Но таксист, который вез нас в Михайловское, два часа рассказывал, что не стоит обольщаться. Хотя я его ни о чем не спрашивала. Но он и не ждал. А говорил непрерывно, как здоровенный волнистый попугайчик. И все непечатно по соображениям цензуры. Из безопасного:
- Заметил, что собаки в городе на зеленый свет дорогу переходят. Я слежу специально. Они смотрят на светофор. Они научились! А люди нет.
- Видите, везде клюкву продают? (В трехлитровых баллонах). Ягод в этом году много. И птицы их едят как не в себя. Говорят, к суровой зиме.
- А отсюда, если повернуть, там такие леса начинаются - мама, не горюй! Если заблудишься, можешь и не вернуться.
- ?!
- Теща девочкой во время войны с матерью в те леса ушли, и немцы их не нашли. До лета 44-го там и жили.
А после 44-го много немецких термосов для кофе находили в лесу,
- Каких термосов?
- Со сбитых самолетов. У немецких летчиков всегда были термосы с кофе.
- Говорят, в Торжке медведи стали в город заходить
А у нас тоже! Я в 5 километрах от города живу, у нас рядом медведь пасеку разорил!
- Вон, видали - водку в пластиковых бутылках продают и без акциза. И сигареты какие хочешь - хочешь, белорусские, хочешь, казахские!
- А кто их крышует, знаете?
- Не знаю и знать не хочу.
- Ну, вы поняли.
И внезапное:
- Ближе к Михайловскому и природа красивее. В ней появляется поэзия.
Давно я мечтала вернуться в «псковские дали». Не могу называть эту внезапную поездку погоней за ресурсом, потому что погоня - слишком энергичное слово. Ищешь источники энергии и просто что-то хорошее, чистое. А «пушгоры» именно такие.
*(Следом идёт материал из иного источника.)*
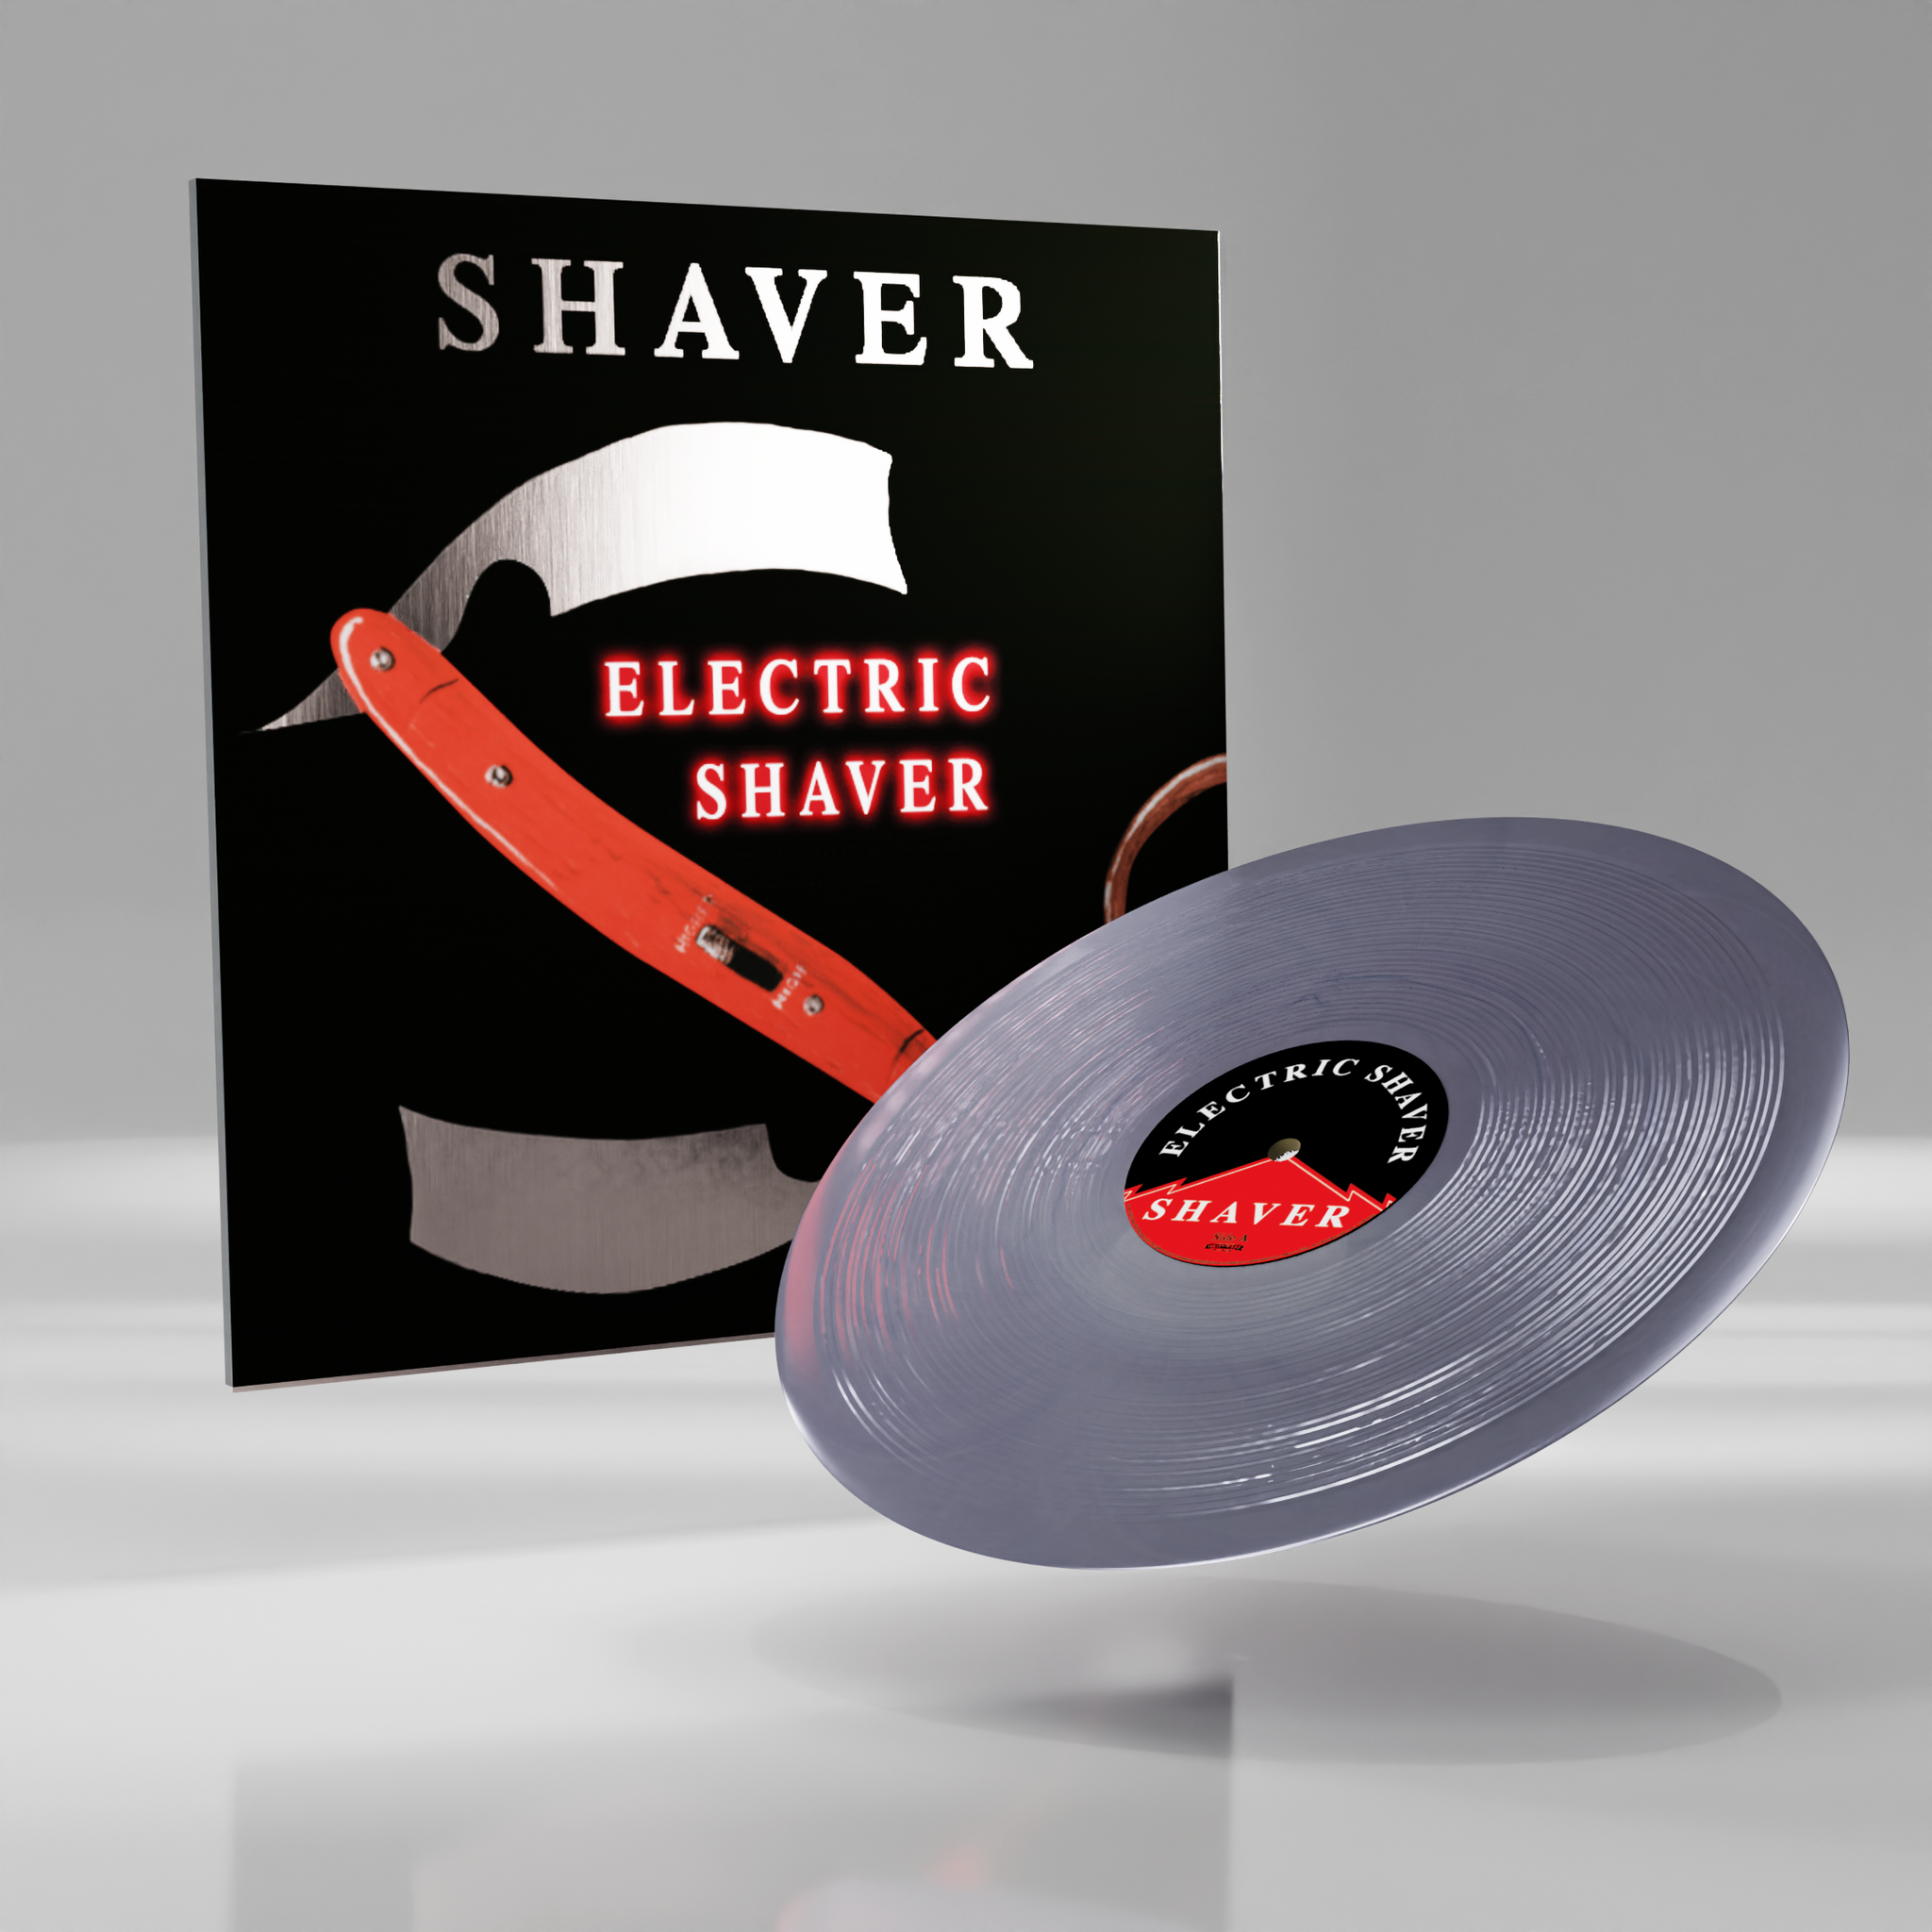 Shaver - Electric Shaver [Color Vinyl]

В деревне Бугрово топят дровами, в воздухе пахнет и живым деревом, и дымком. А кругом да, действительно дали. Те самые. Это когда со всех сторон простор, когда можешь дотянуться взглядом очень-очень далеко и там тоже будет красиво. Это удивительно разворачивает внутренние карты, перспективы, картины. Будто и в них начинаешь дотягиваться до какой-то новой дали. Красота снаружи переливается вовнутрь, и суета сразу стихает.
Из той пищи, которая не духовная, сегодня пробовала лесные грибы с клюквой. И даже после томления в сливках они не потеряли свой лесной дух. Ммм magnifique!
- Спасибо, очень вкусно! - сказали мы официанту.
- Та не за что, - ответил он и скромно махнул рукой.
Жду встречи, разумеется мимолетной, с духом Пушкина. Все же тут так хорошо не только из-за природных красот. А потому что Пушкин во всем.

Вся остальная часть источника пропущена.